## Information supplied
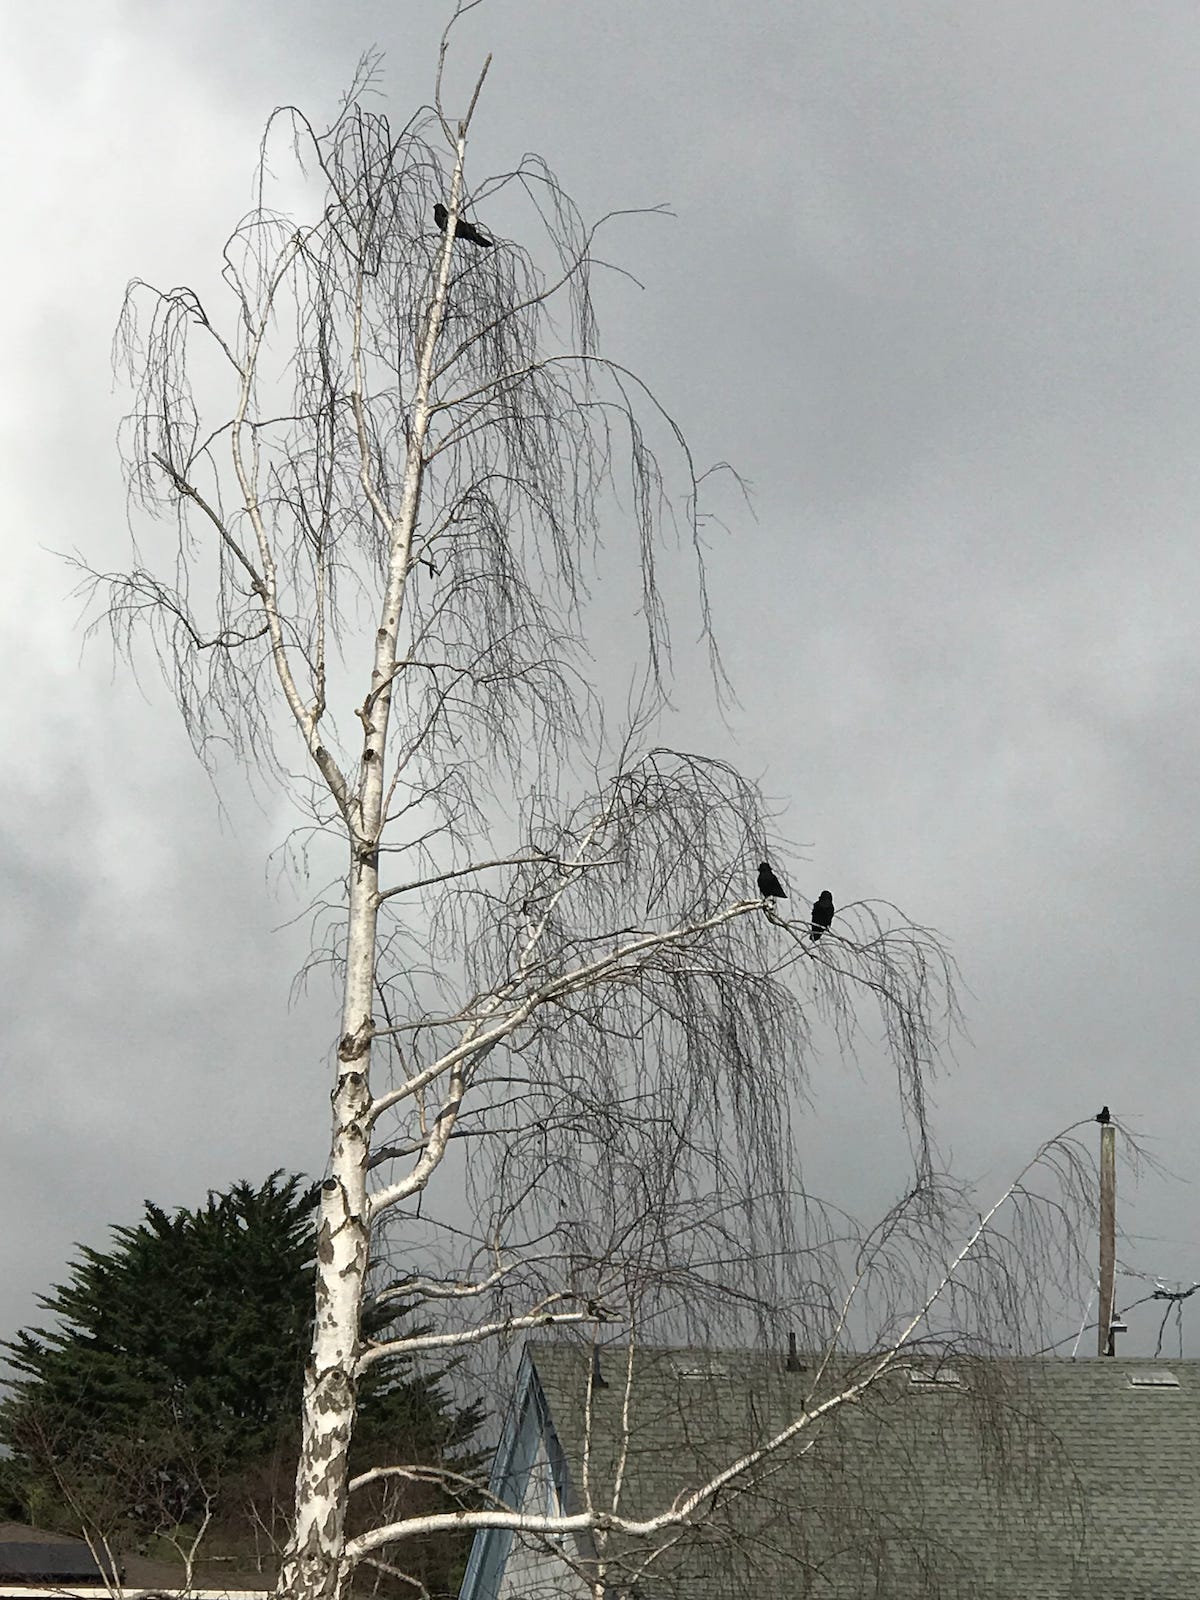 3 crows in winter tree against grey stormy sky
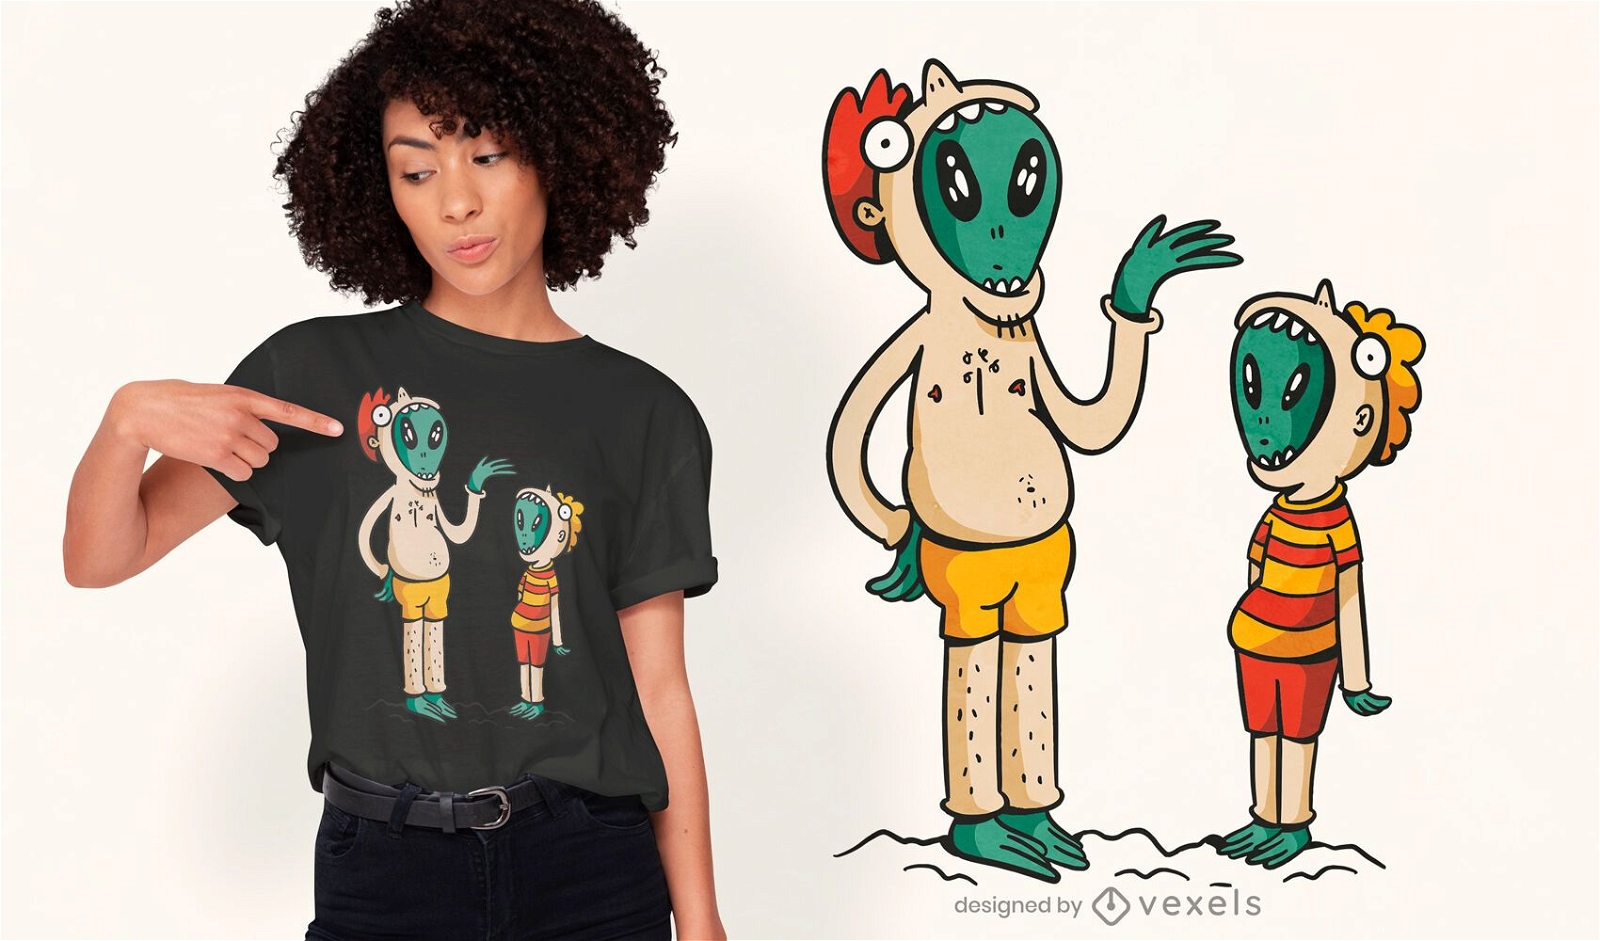 Dise?o de camiseta de traje humano de familia alien?gena.
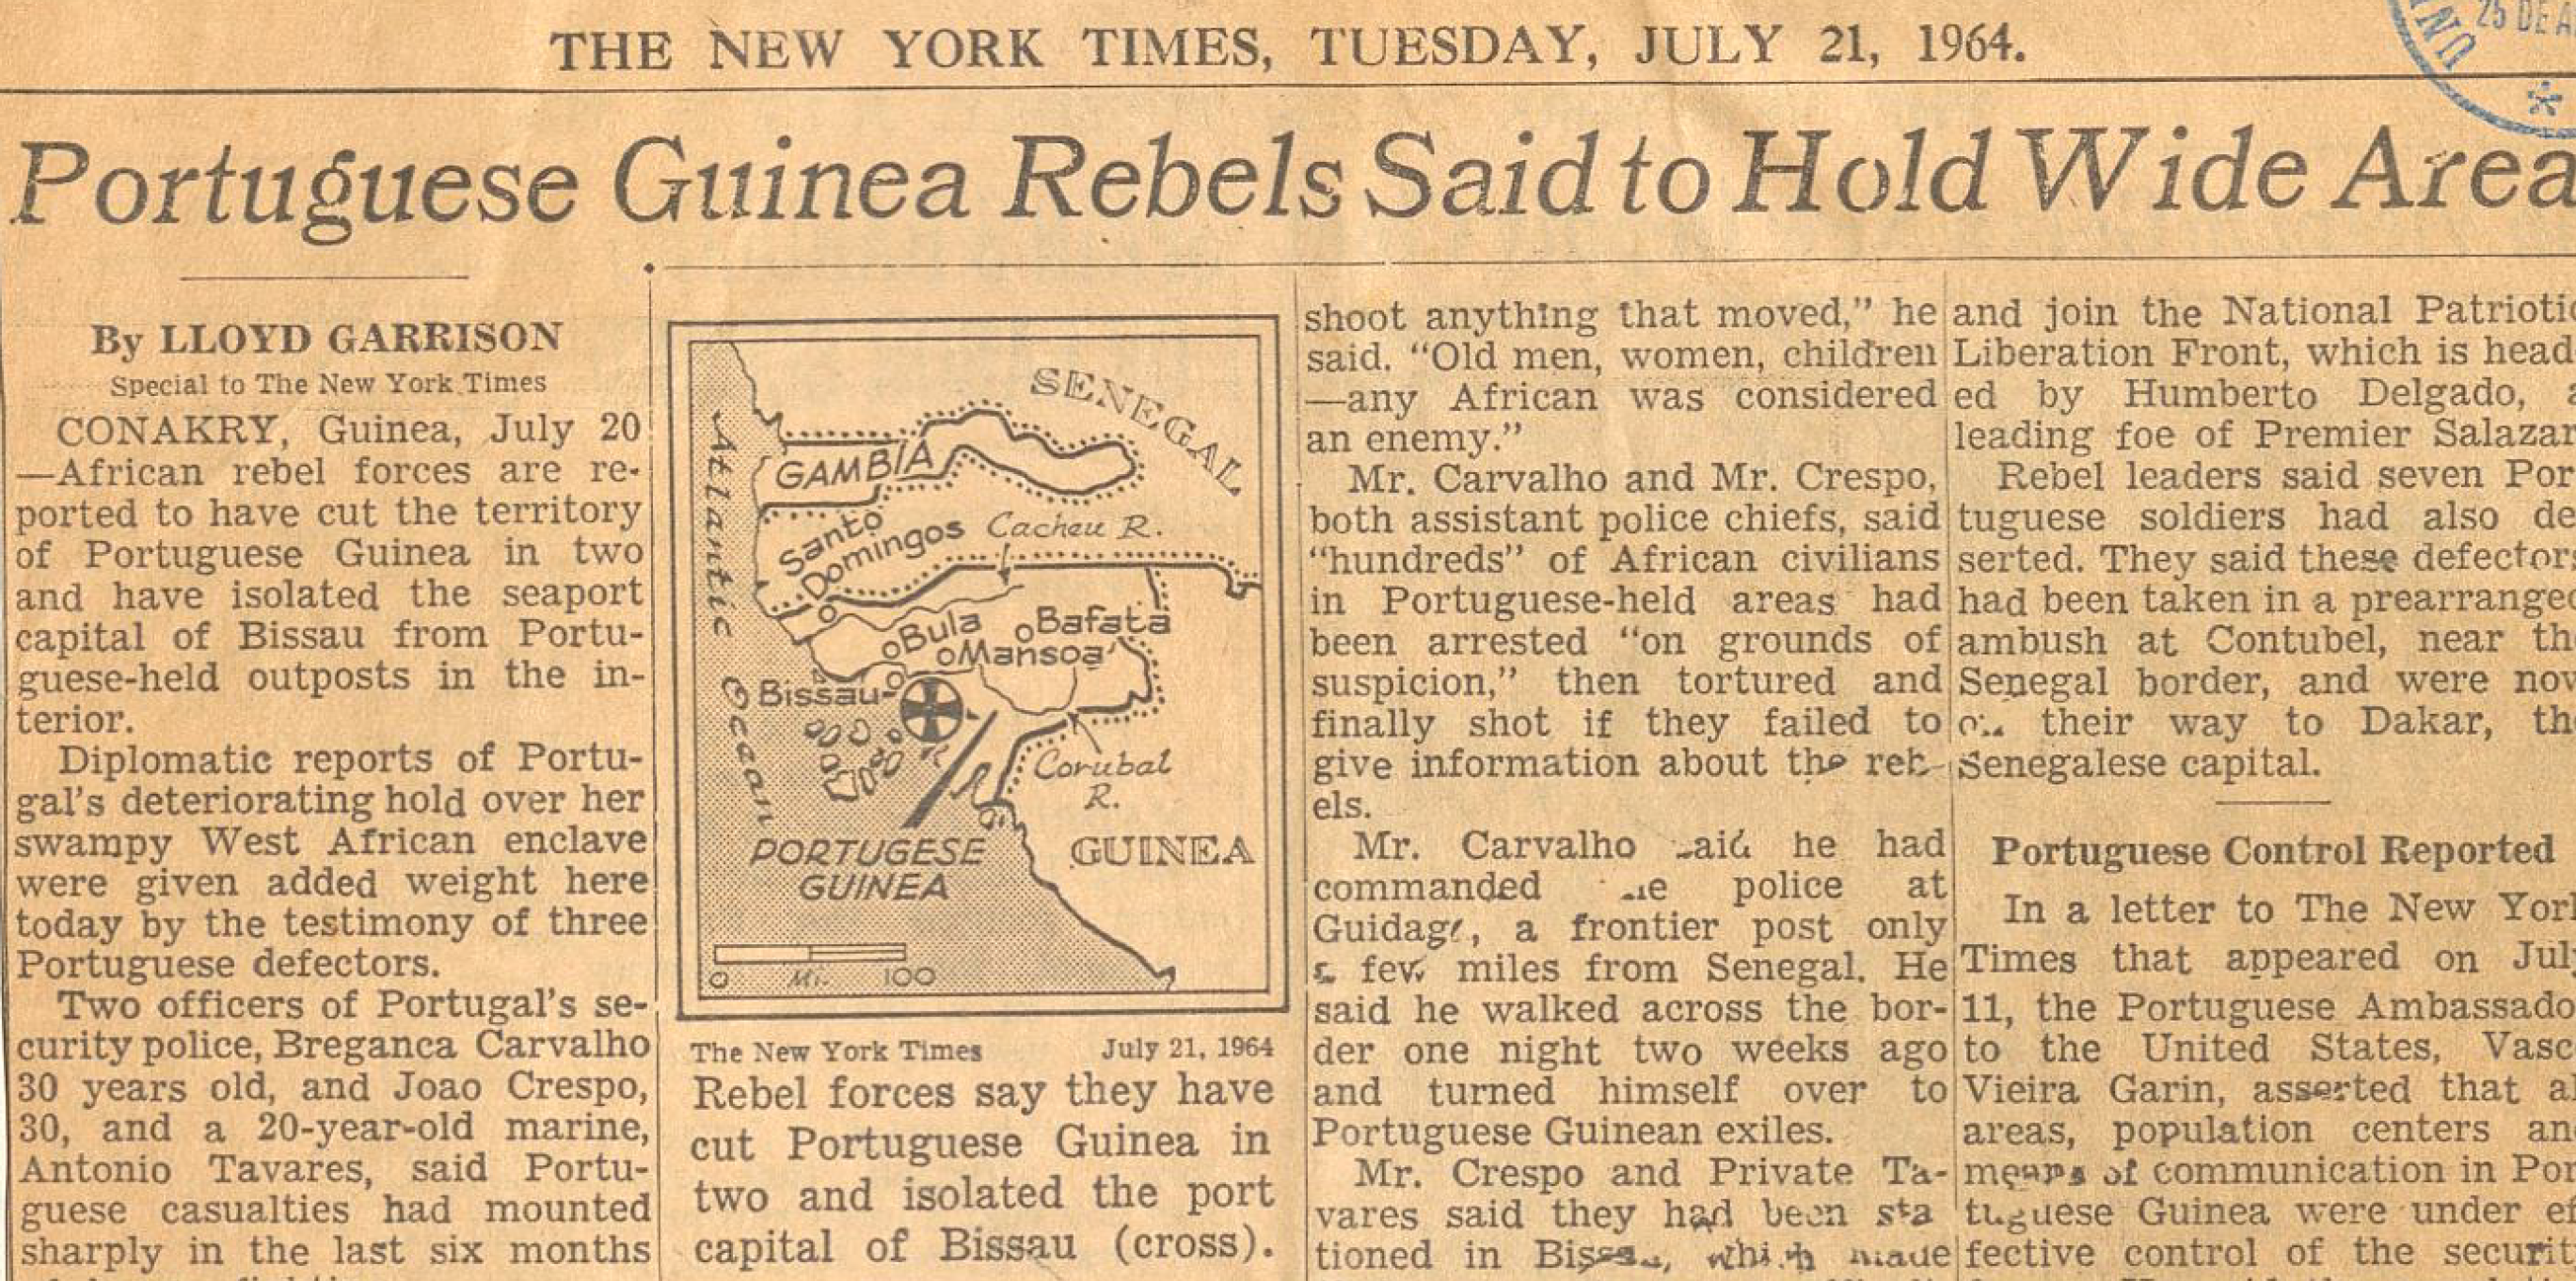 "Portuguese Guinea Rebels said to hold wide area"

## Problem to work on
Make an exact copy of the listing above. Its pictures are not needed.

## Finished task
 3 crows in winter tree against grey stormy sky
 Dise?o de camiseta de traje humano de familia alien?gena.
 "Portuguese Guinea Rebels said to hold wide area"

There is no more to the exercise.